- **EXERCISE DIRECTIONS**: Without including any images, please transcribe all the lines below exactly.

- **DATASET EXCERPT**:
BEGIN

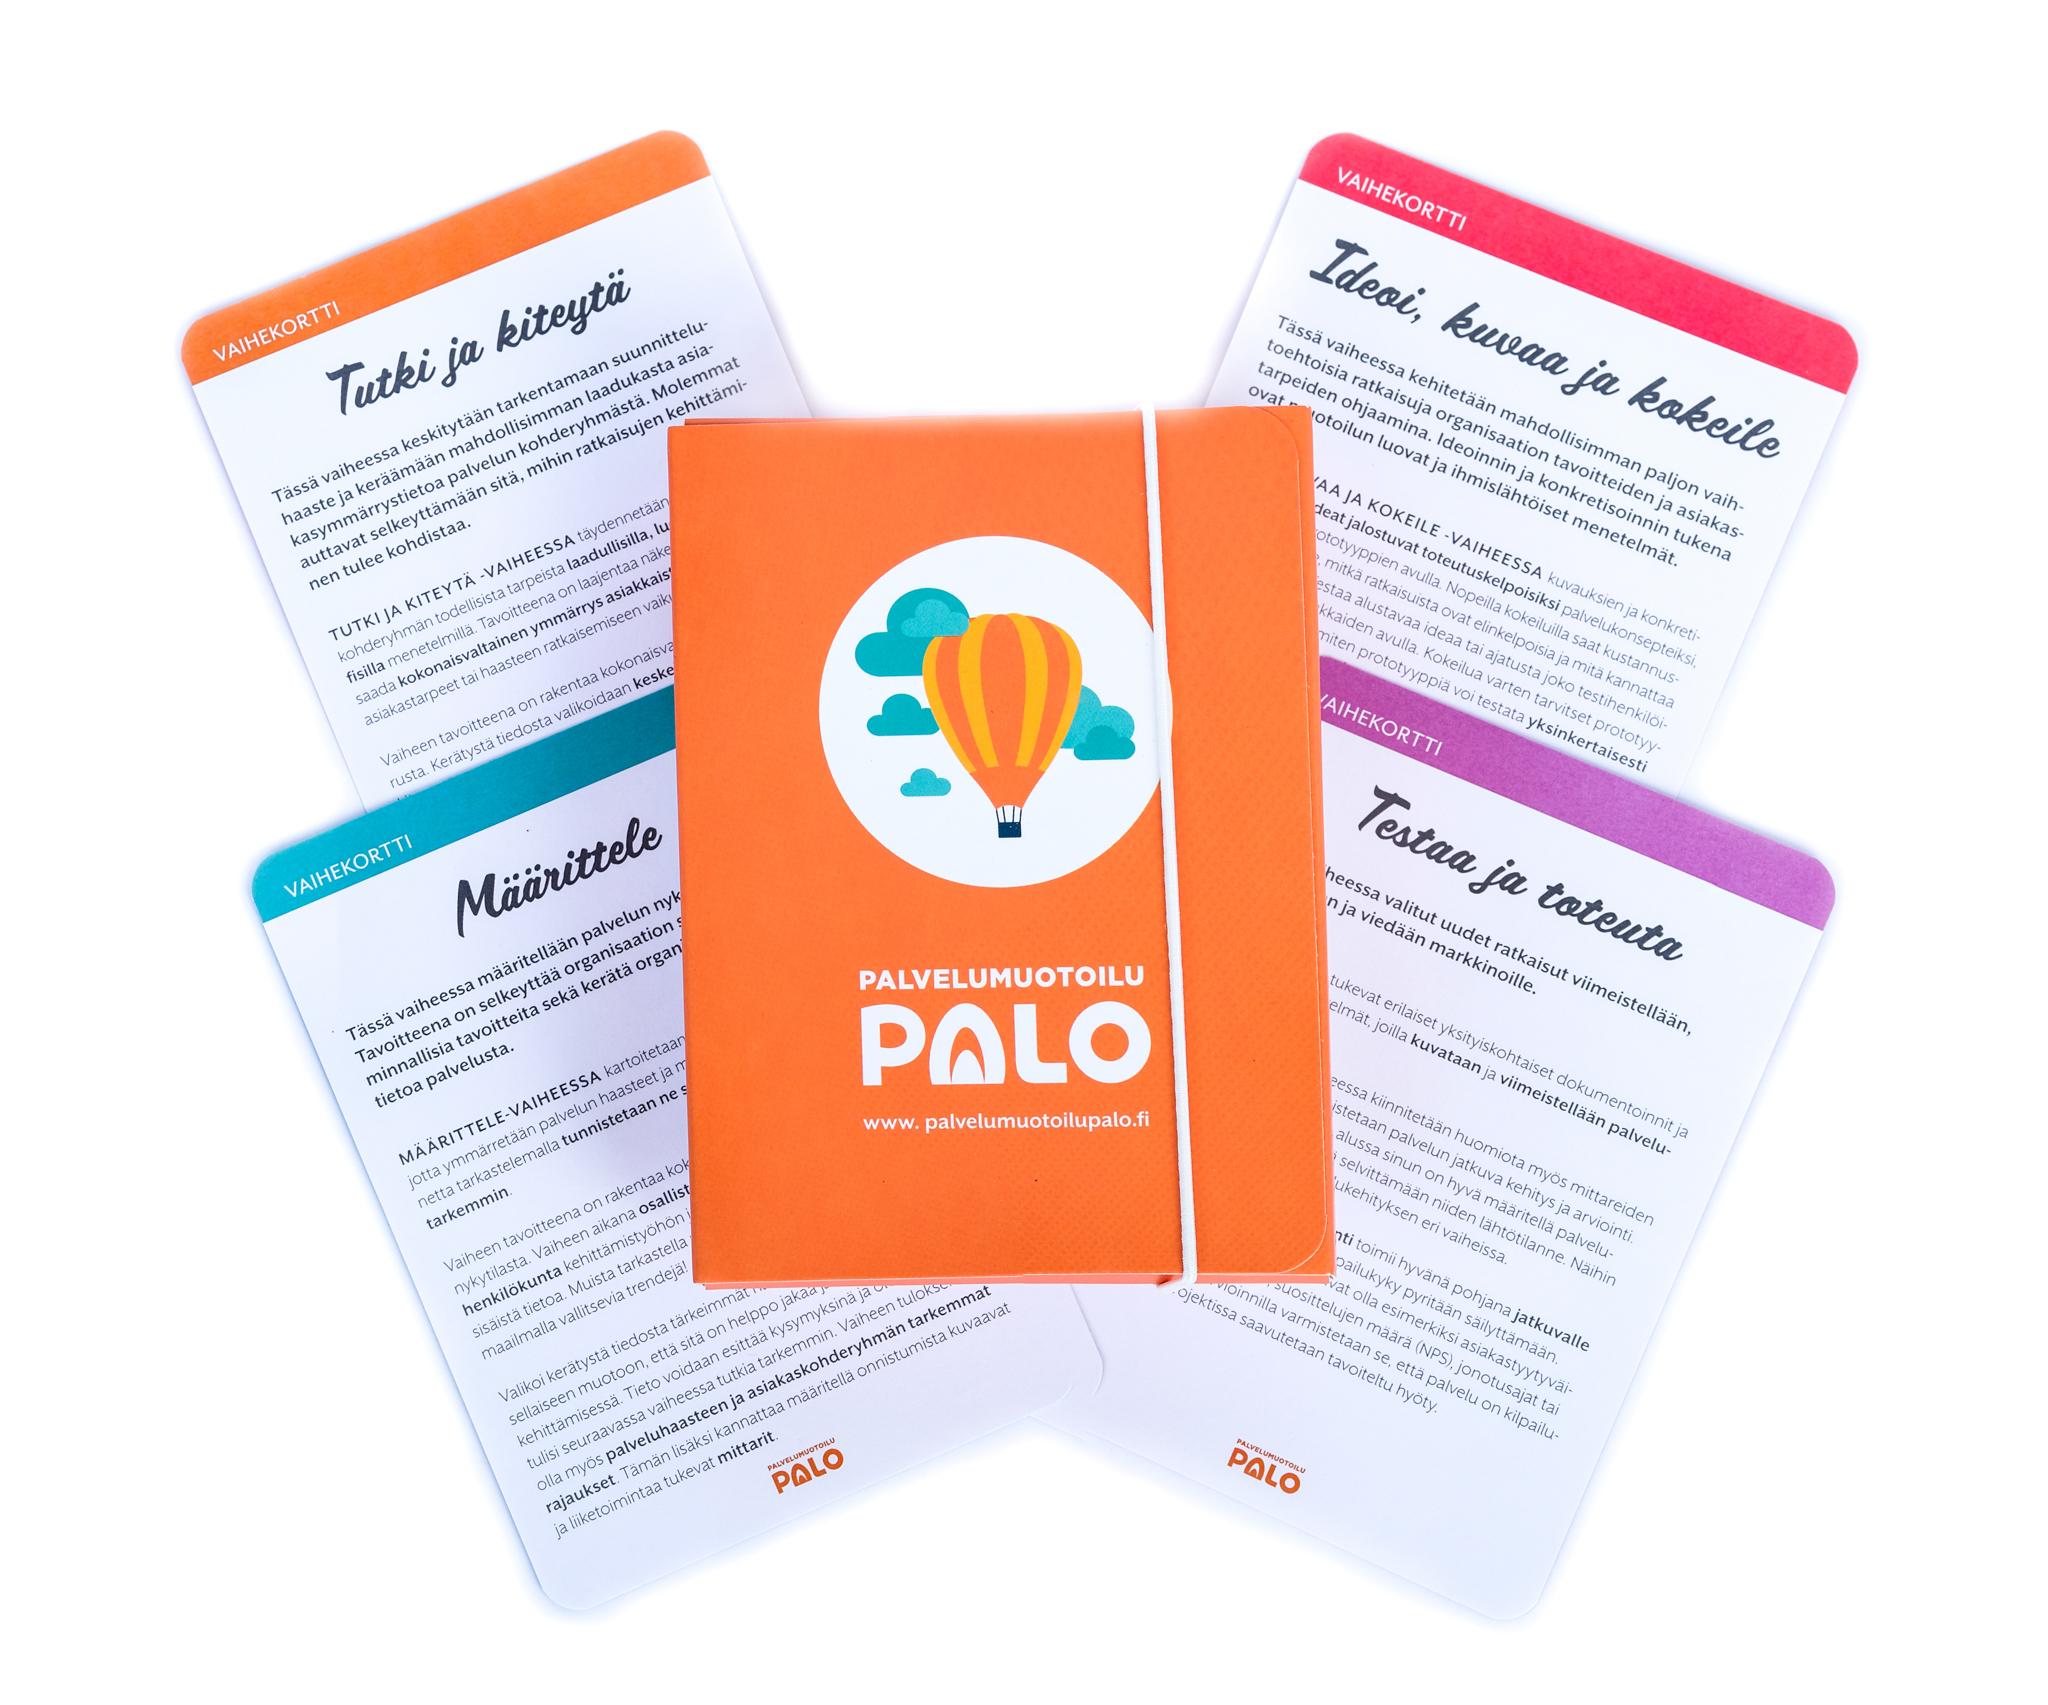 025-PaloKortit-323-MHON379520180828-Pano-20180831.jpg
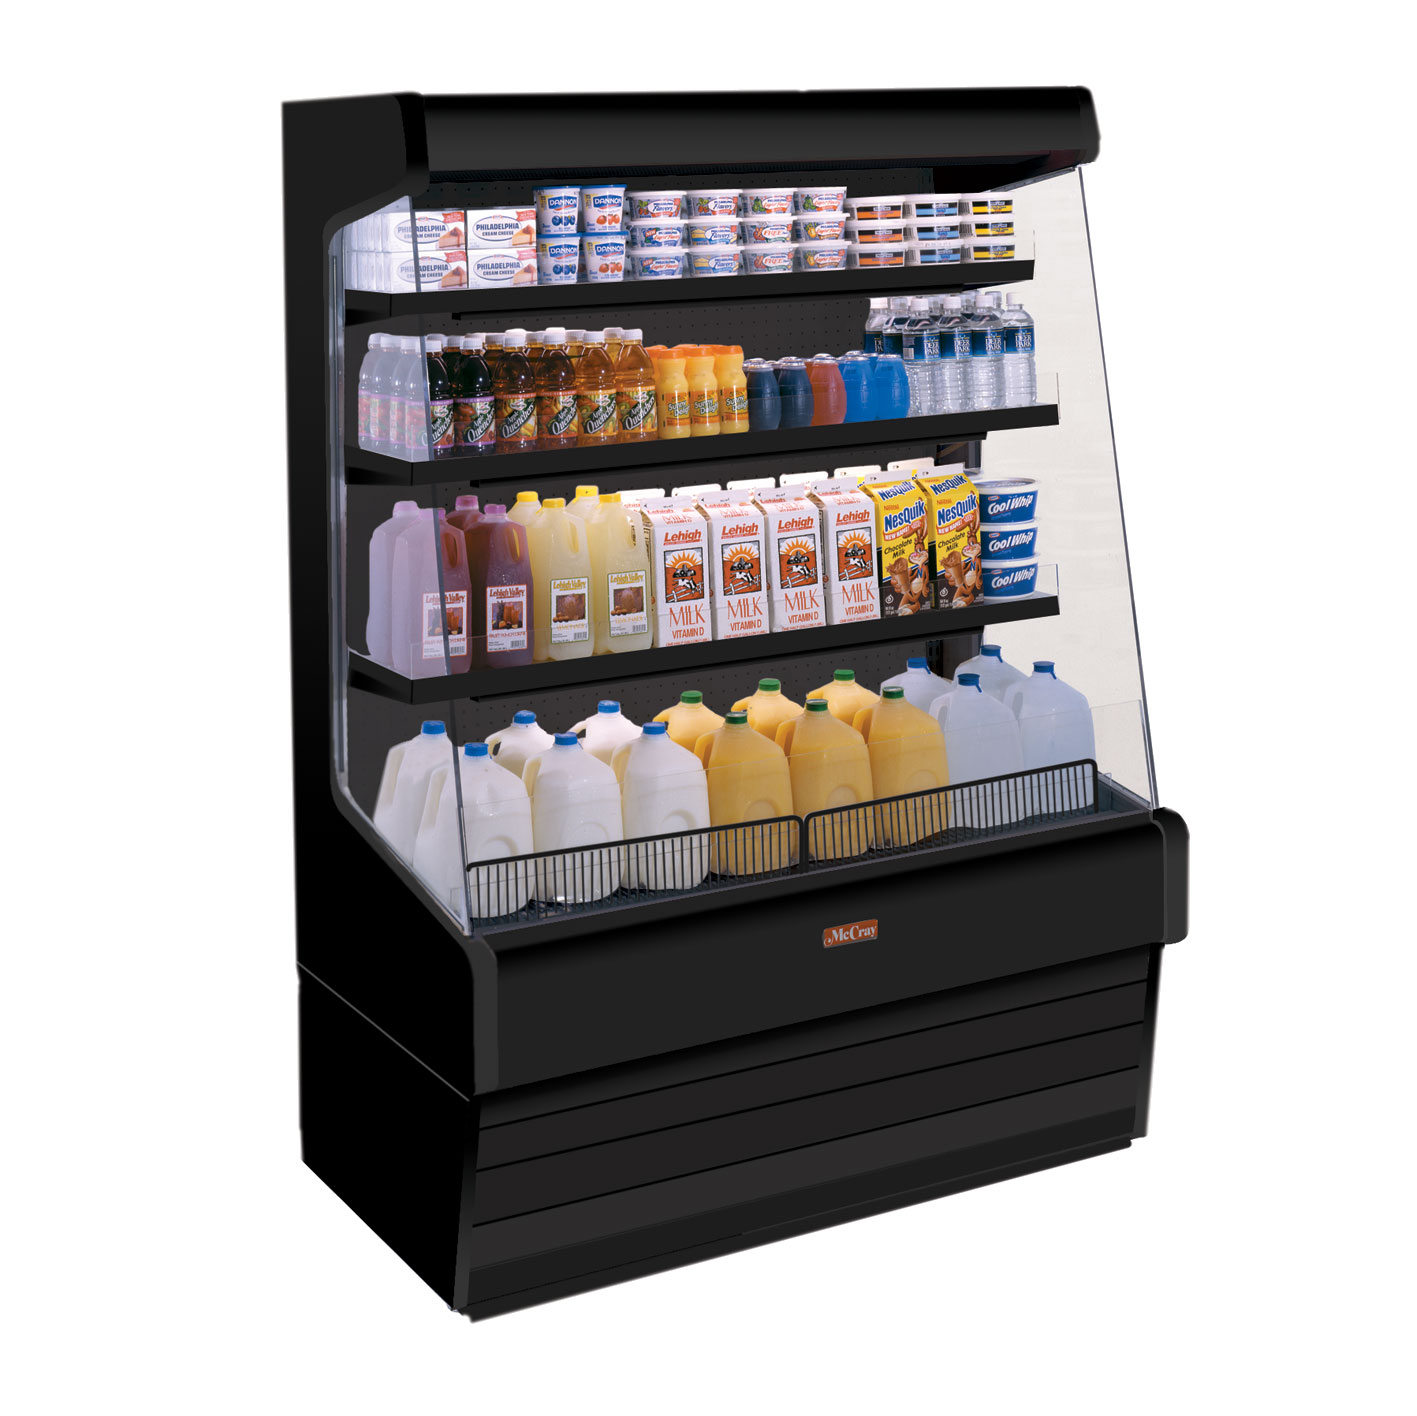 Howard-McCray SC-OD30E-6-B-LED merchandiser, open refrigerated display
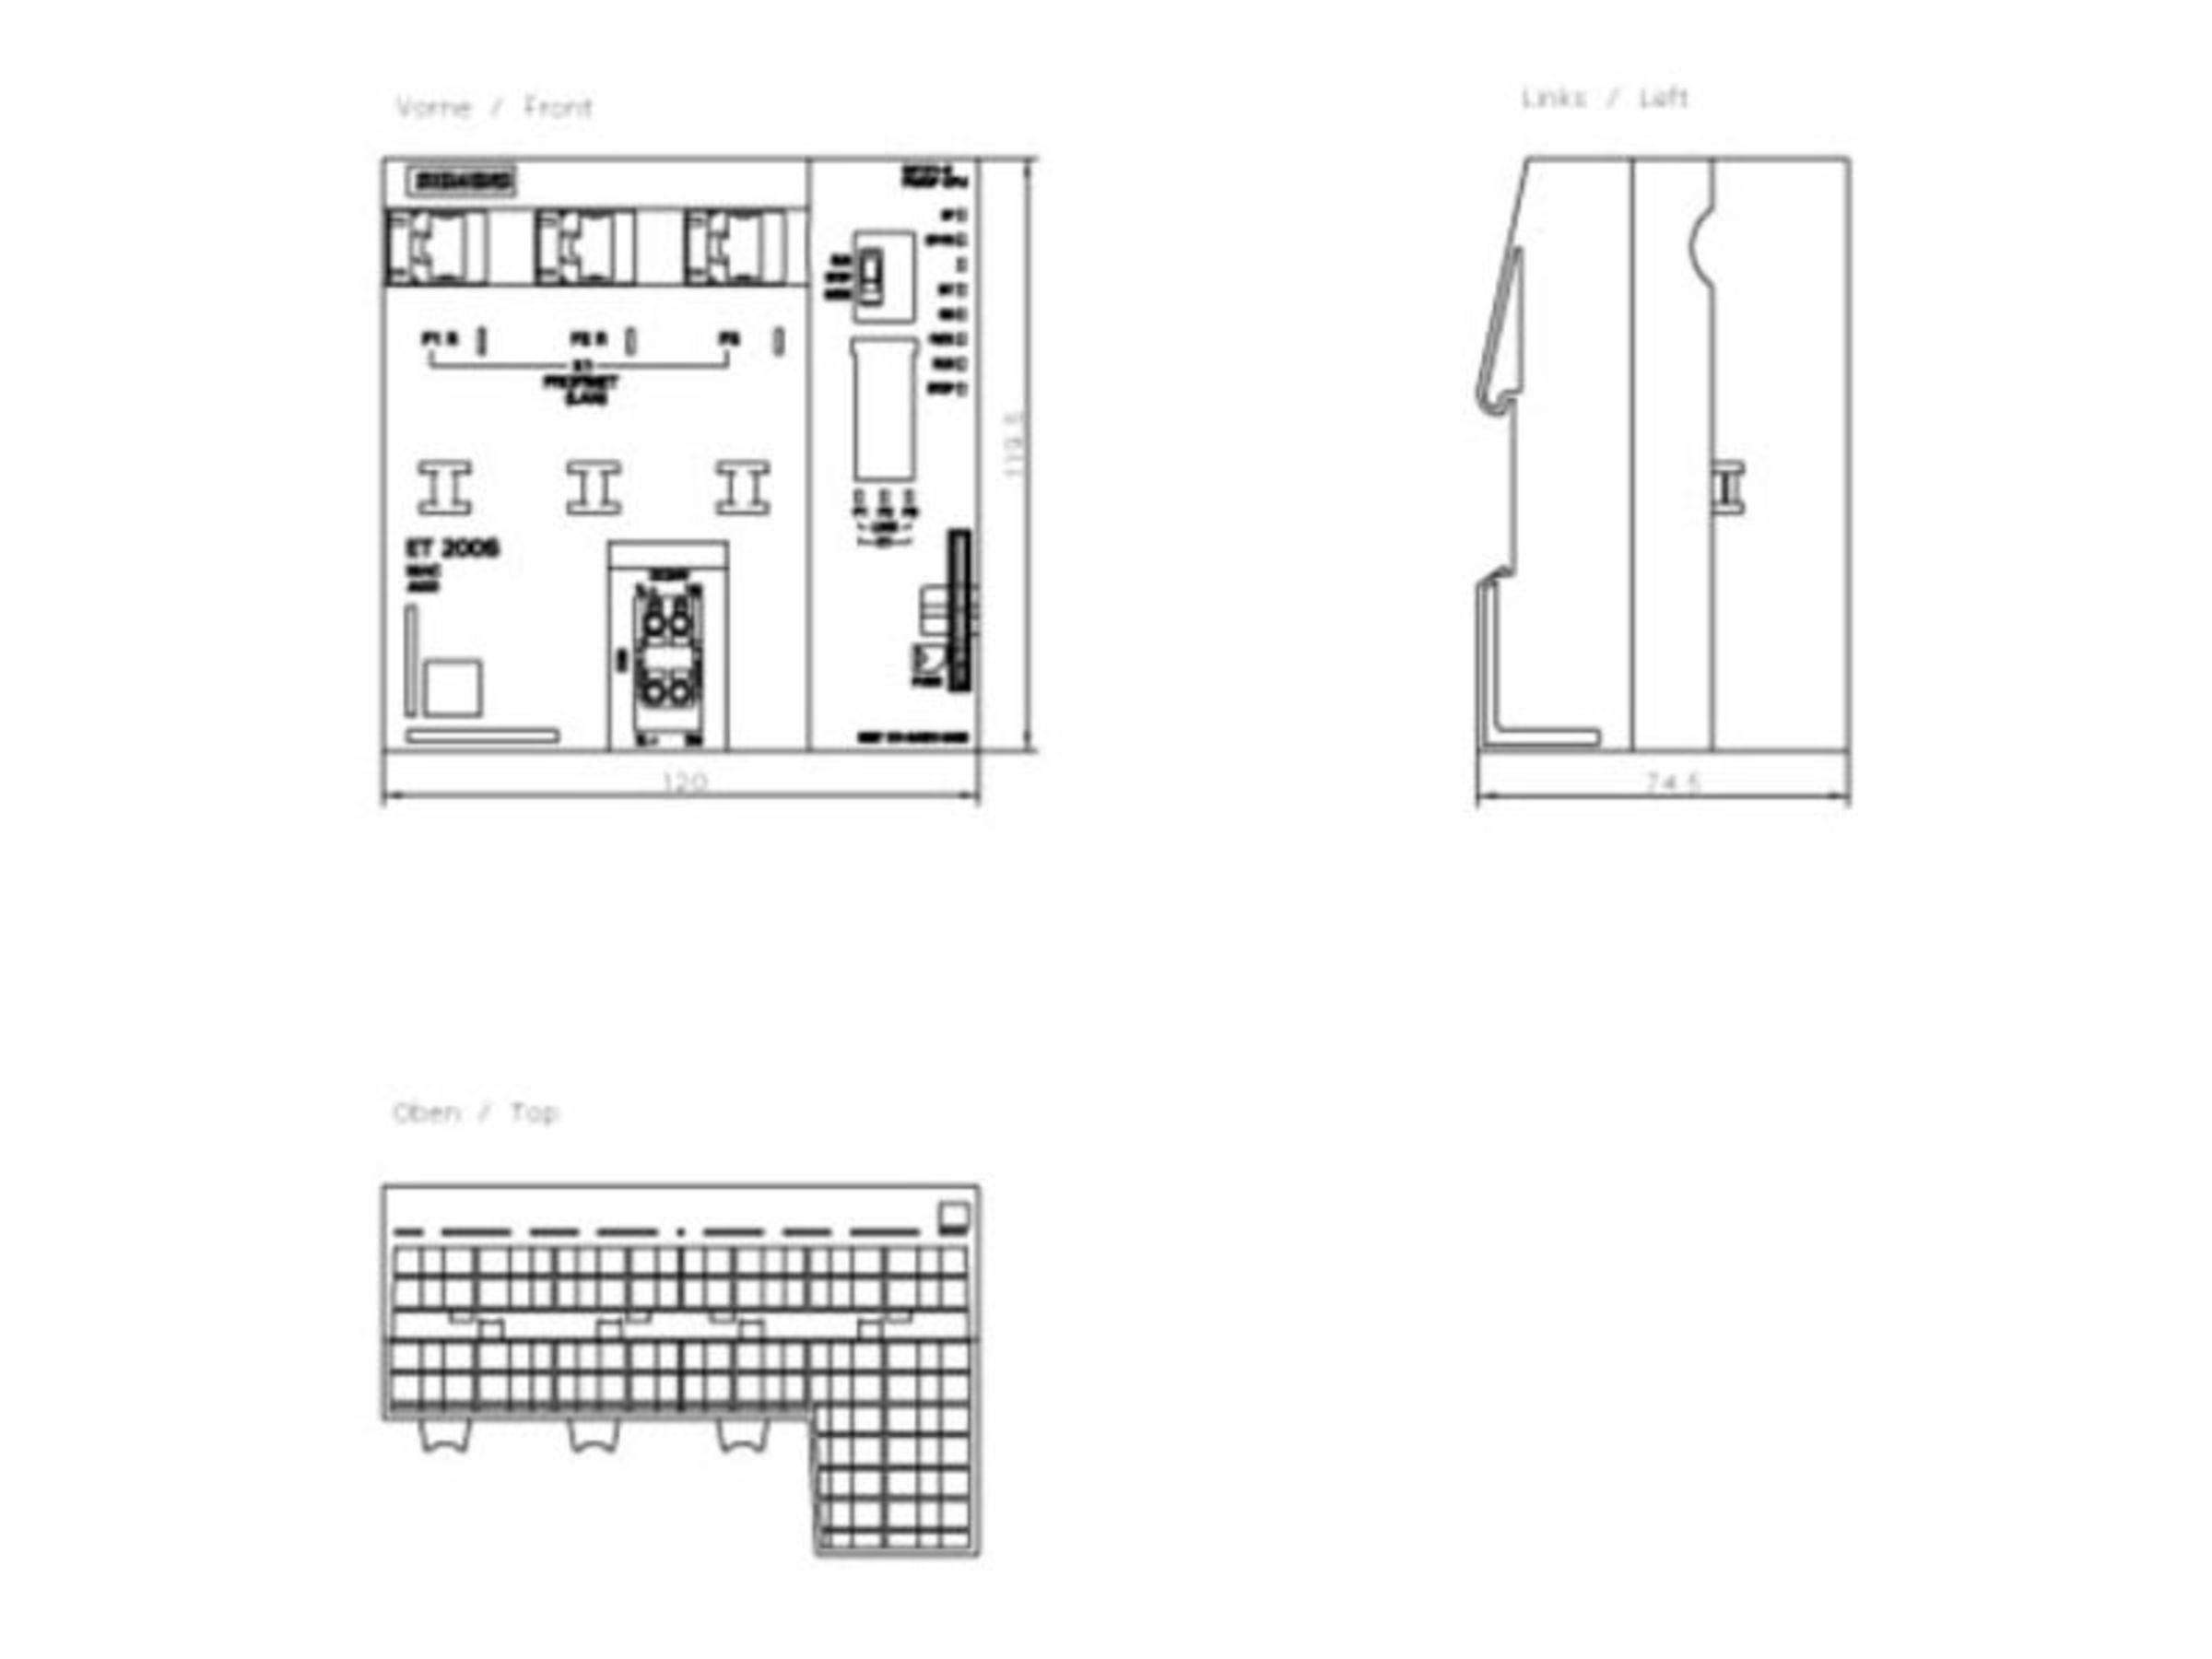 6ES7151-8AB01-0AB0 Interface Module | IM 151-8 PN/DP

END

- **OUTPUT OF THE TASK**:
 025-PaloKortit-323-MHON379520180828-Pano-20180831.jpg
 Howard-McCray SC-OD30E-6-B-LED merchandiser, open refrigerated display
 6ES7151-8AB01-0AB0 Interface Module | IM 151-8 PN/DP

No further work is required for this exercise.